Three dynamic states were identified. The PLE-endorsing group spent more time than controls in State 1, a state reflecting hyper-connectivity within Visual regions and hypo-connectivity within the Default Mode Network, and less time in State 2, a state characterized by robust within-network connectivity for all networks and strong Default Mode Network anti-correlations. Within the PLE-endorsing group, worse Executive Function was associated with more time spent in and more transitions into State 1 and less time spent in and fewer transitions into State 3.

CONCLUSIONS

PLEs are associated with altered large-scale brain dynamics, which tip the system away from spending more time in states reflecting more “typical” connectivity patterns toward more time in states reflecting Visual hyper-connectivity and Default Mode hypo-connectivity.

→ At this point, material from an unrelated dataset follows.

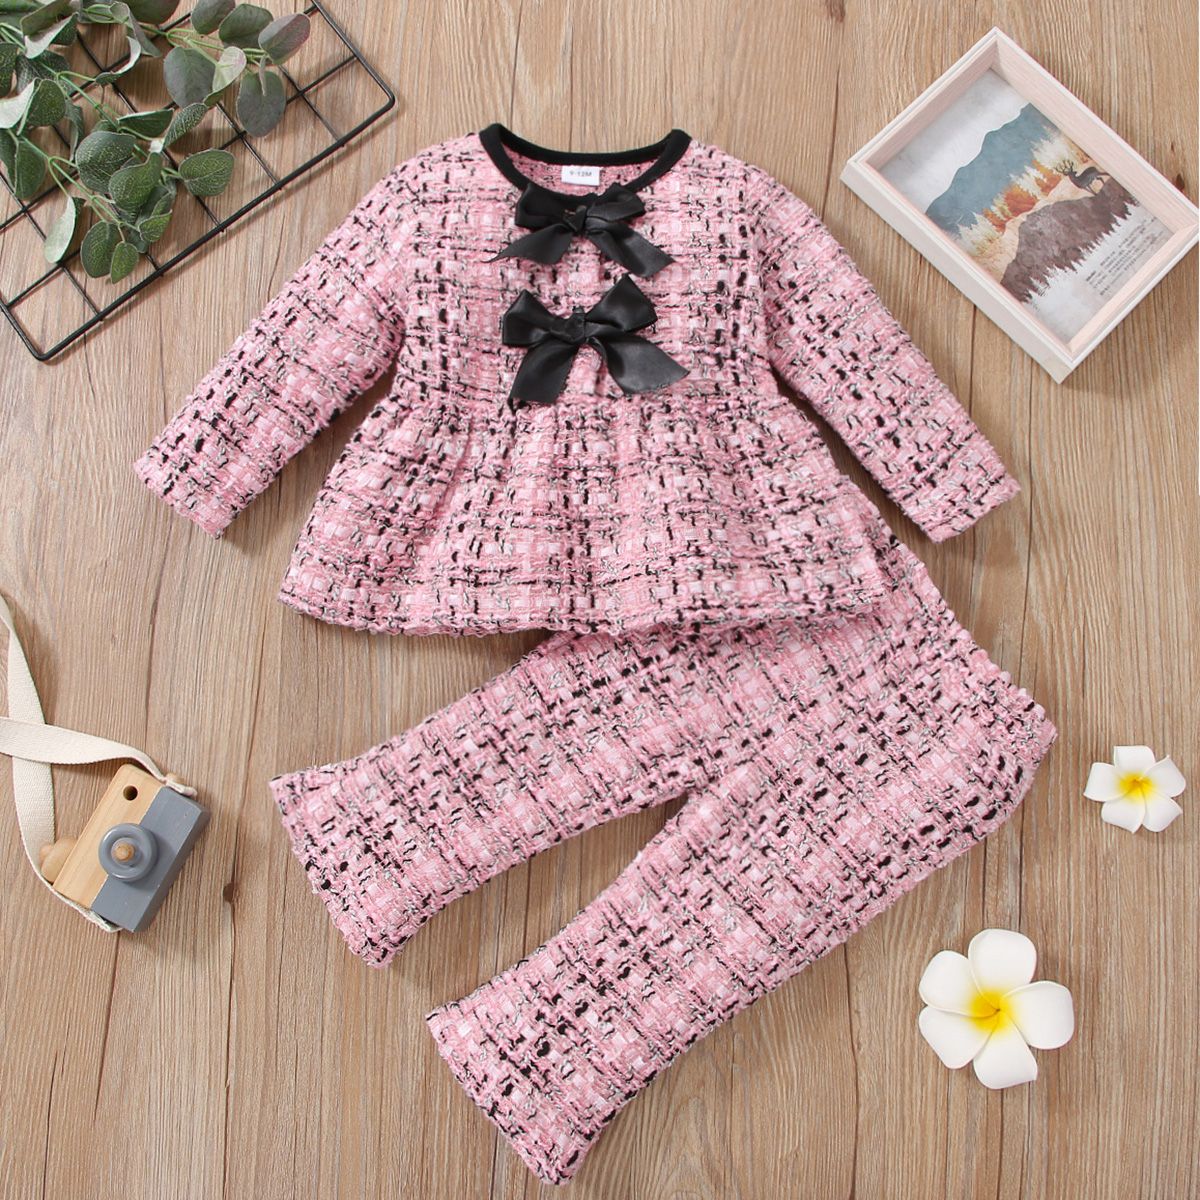 2pcs Baby Pink Tweed Plaid Long-sleeve Bowknot Top and Trousers Set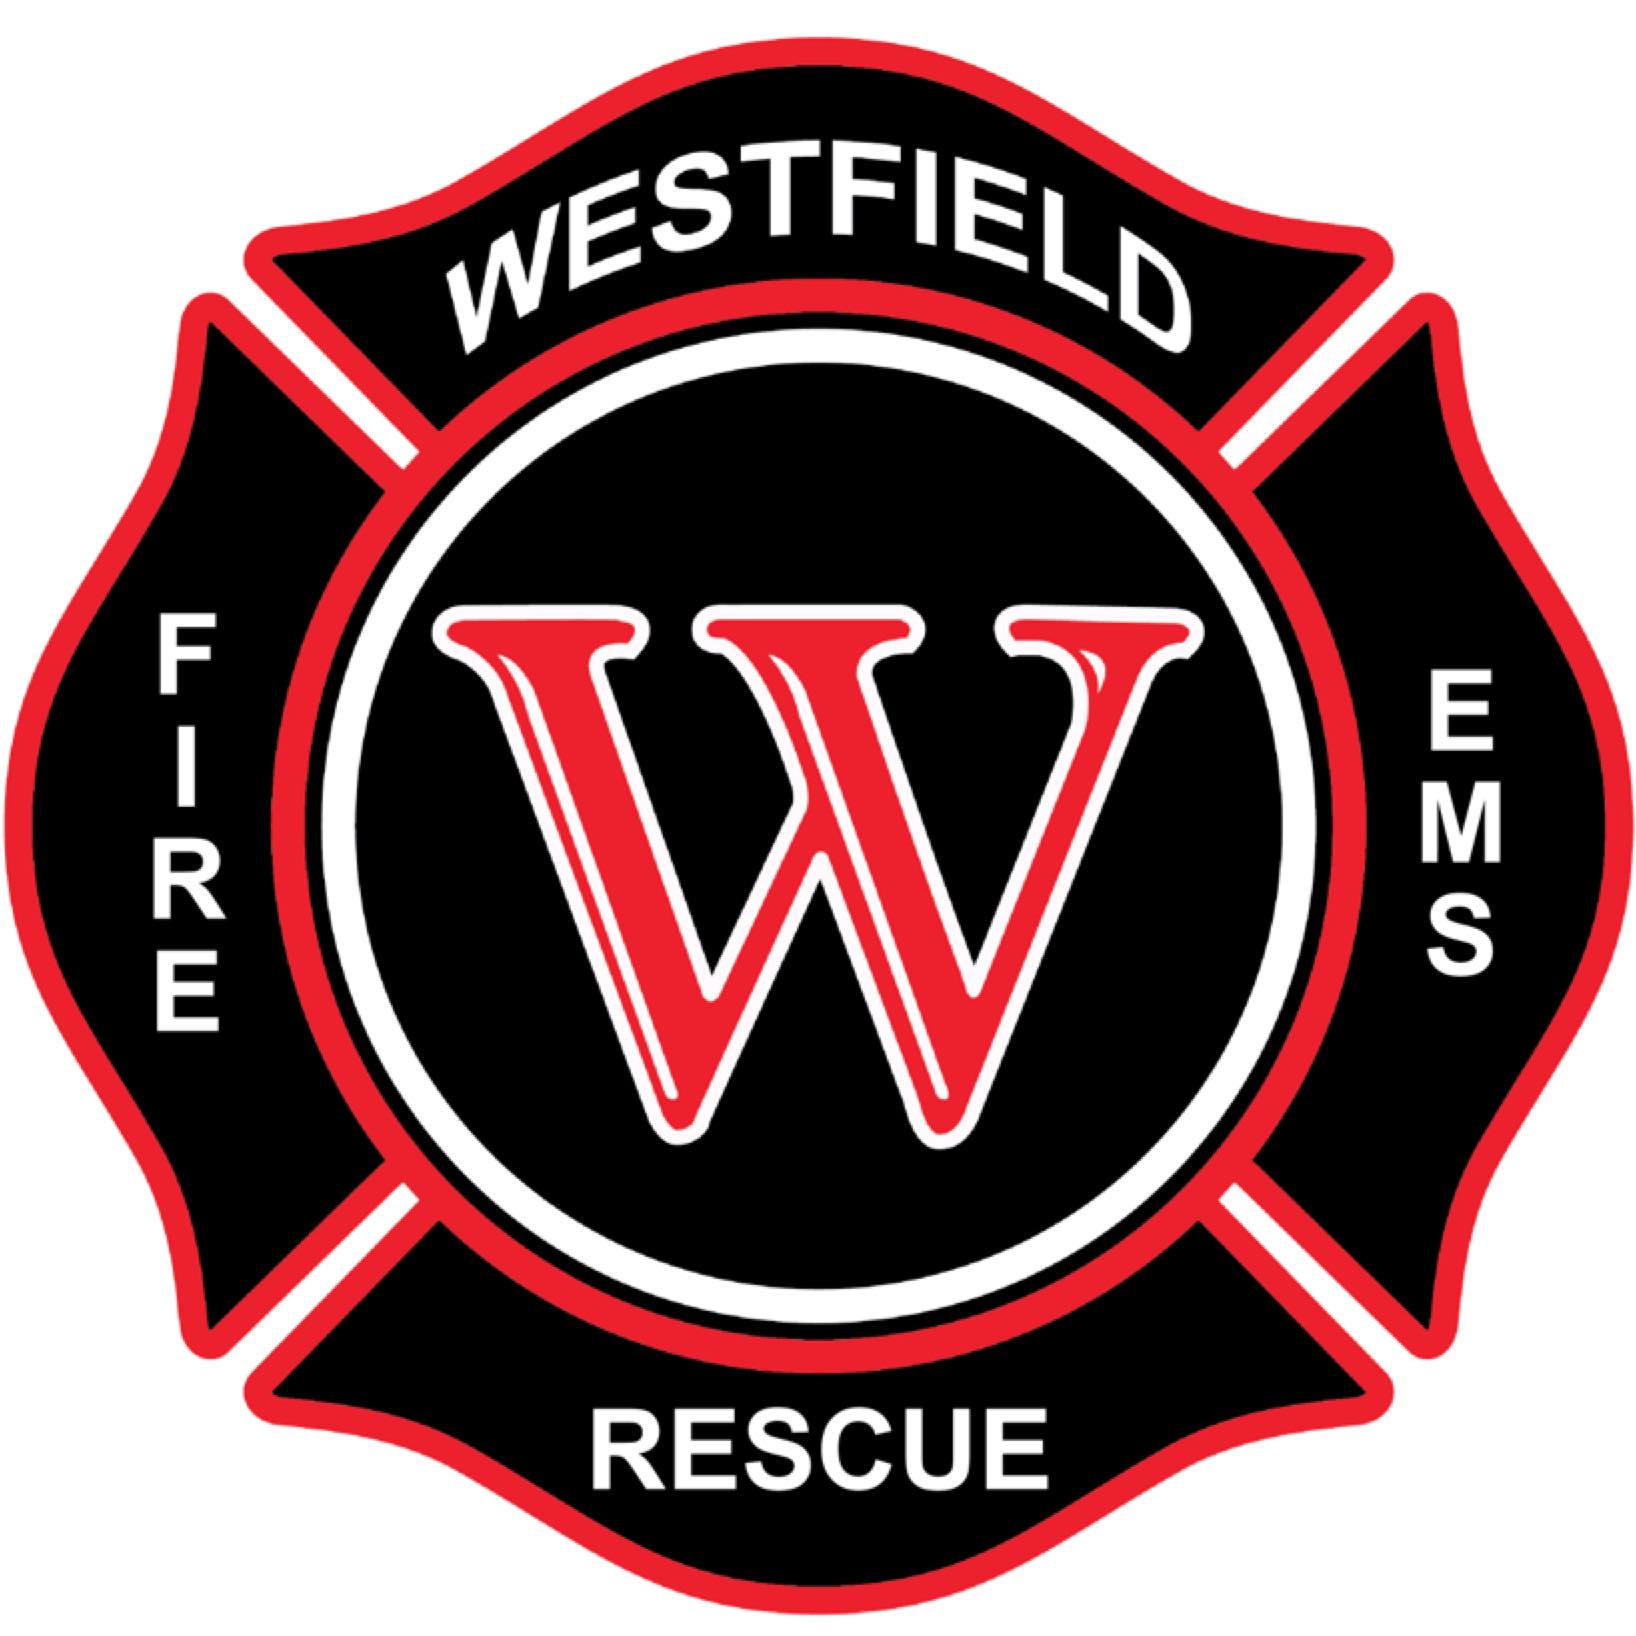 Westfield Fire Department asks property owners to check for water damage

Keywords: Psychotic Experiences, Psychosis, Dynamic Connectivity, Executive Function, Network, Default Mode Network

Background

There is a growing consensus that psychosis occurs along a continuum that spans from subsyndromal symptoms observed in healthy individuals to clinically-significant symptoms observed in psychotic disorders. Subsyndromal symptoms, often referred to as Psychotic-Like Experiences (PLEs) include hallucinations and delusions, which are quantitatively but not qualitatively different from clinically significant psychotic symptoms (1). While only about 0.72% of individuals will be diagnosed with schizophrenia in their lifetime (2), the number that will experience PLEs is substantially higher, with prevalence estimates of 7.2% in adults (1, 3) and up to 40–60% (usually transitory experiences) in children and adolescents (4, 5). Individuals with PLEs may have no history of clinical diagnosis and may never develop a disorder; however, they tend to exhibit impairments in social and occupational functioning similar to, albeit less severe than, those observed in schizophrenia (6), supporting the notion that PLEs represent a more subtle form of psychosis. While in some cases, PLEs are indicative of risk for a psychotic disorder; in the majority of cases, symptoms either remit entirely or persist sub-clinically (3).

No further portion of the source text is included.